Wszyscy jesteśmy Chrystusami

edytowano March 2015 w Forum ogólne
Mam taką przypadłość, że co jakiś czas umykają mi sprawy, rzeczy istotnie i powszechnie znane wszystkim. Dowiaduję się ostatni. Dopiero dziś obejrzałem film Marek Koterskiego "Wszyscy jesteśmy Chrystusami". Pierwsza część "Dzień świra" to dobrze zrobiona tragikomedia, natomiast "Wszyscy jesteśmy Chrystusami" to już film bardzo poważny. Mocne kino. Jestem prawie przekonany, że Koterski sam przeszedł piekło w tym filmie pokazane, bo Kondrat na pewno. Nie wiem, tylko ja odkryłem ten stary w sumie juz film (2006 rok), czy może ktoś jeszcze nie widział ?
JORGE>
The author has edited this post (w 21.01.2014)

Komentarz

  • Nie oglądałem. Część pierwsza wywołała na mnie tak depresyjne wrażenie że nie byłem w stanie. Cóż może człowiek któremu już łez nie starcza?
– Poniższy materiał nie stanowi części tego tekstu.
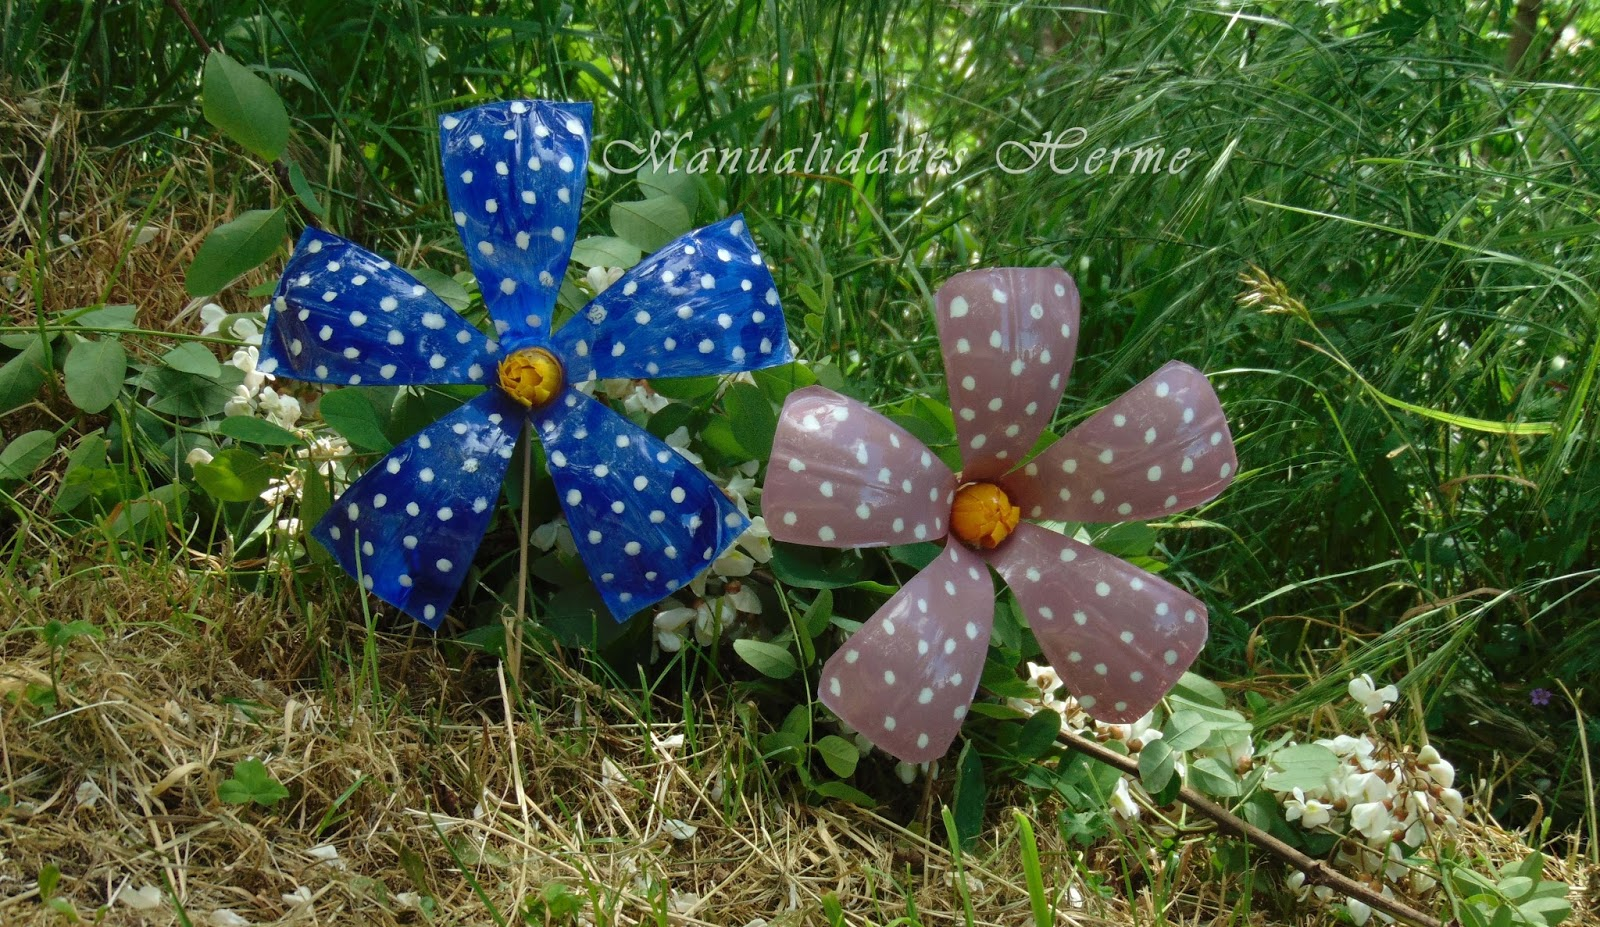 Manualidades herme como hacer flores con botellas for Adornos para decorar un jardin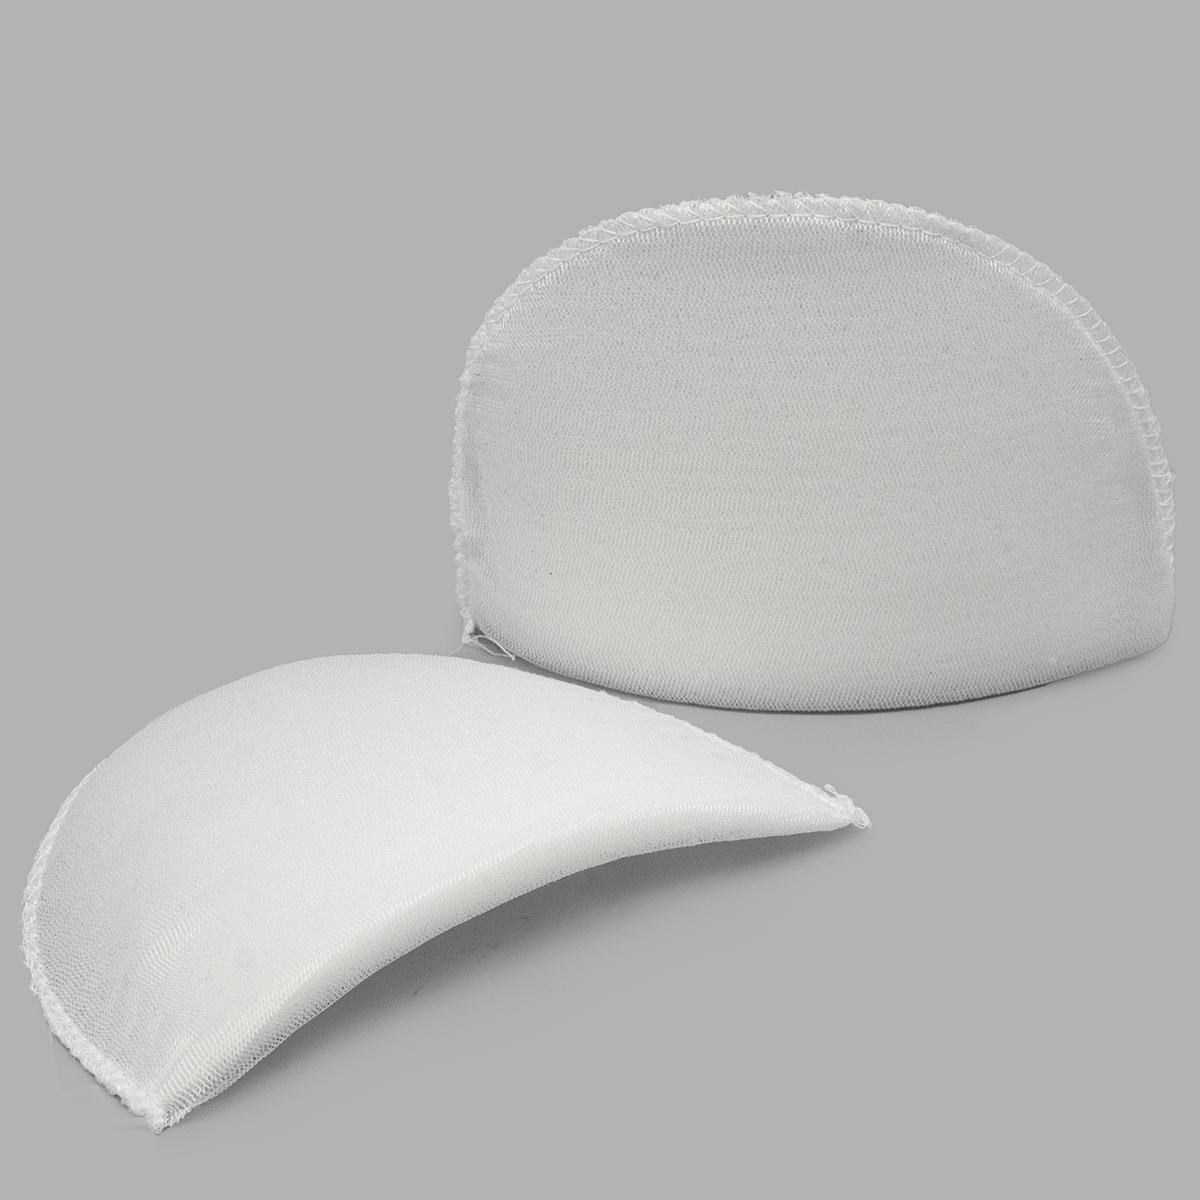 В-10/А Плечевые накладки обшитые, втачные, белый, 10*100*145 мм, Hobby&Pro

Tylko się gorzko smiać. Może i dla tego "Dzień swira" trąci tragikomedią. I według mnie bardzo poważnie patrzy się na otaczającą rzeczywistość.

    “It is not necessary to understand things in order to argue about them.”

    “I quickly laugh at everything for fear of having to cry.”
  • Ja widzialem w kinie, jak tylko wszedł.
    Doceniam starania, ale uważam, że nie do końca wyszło.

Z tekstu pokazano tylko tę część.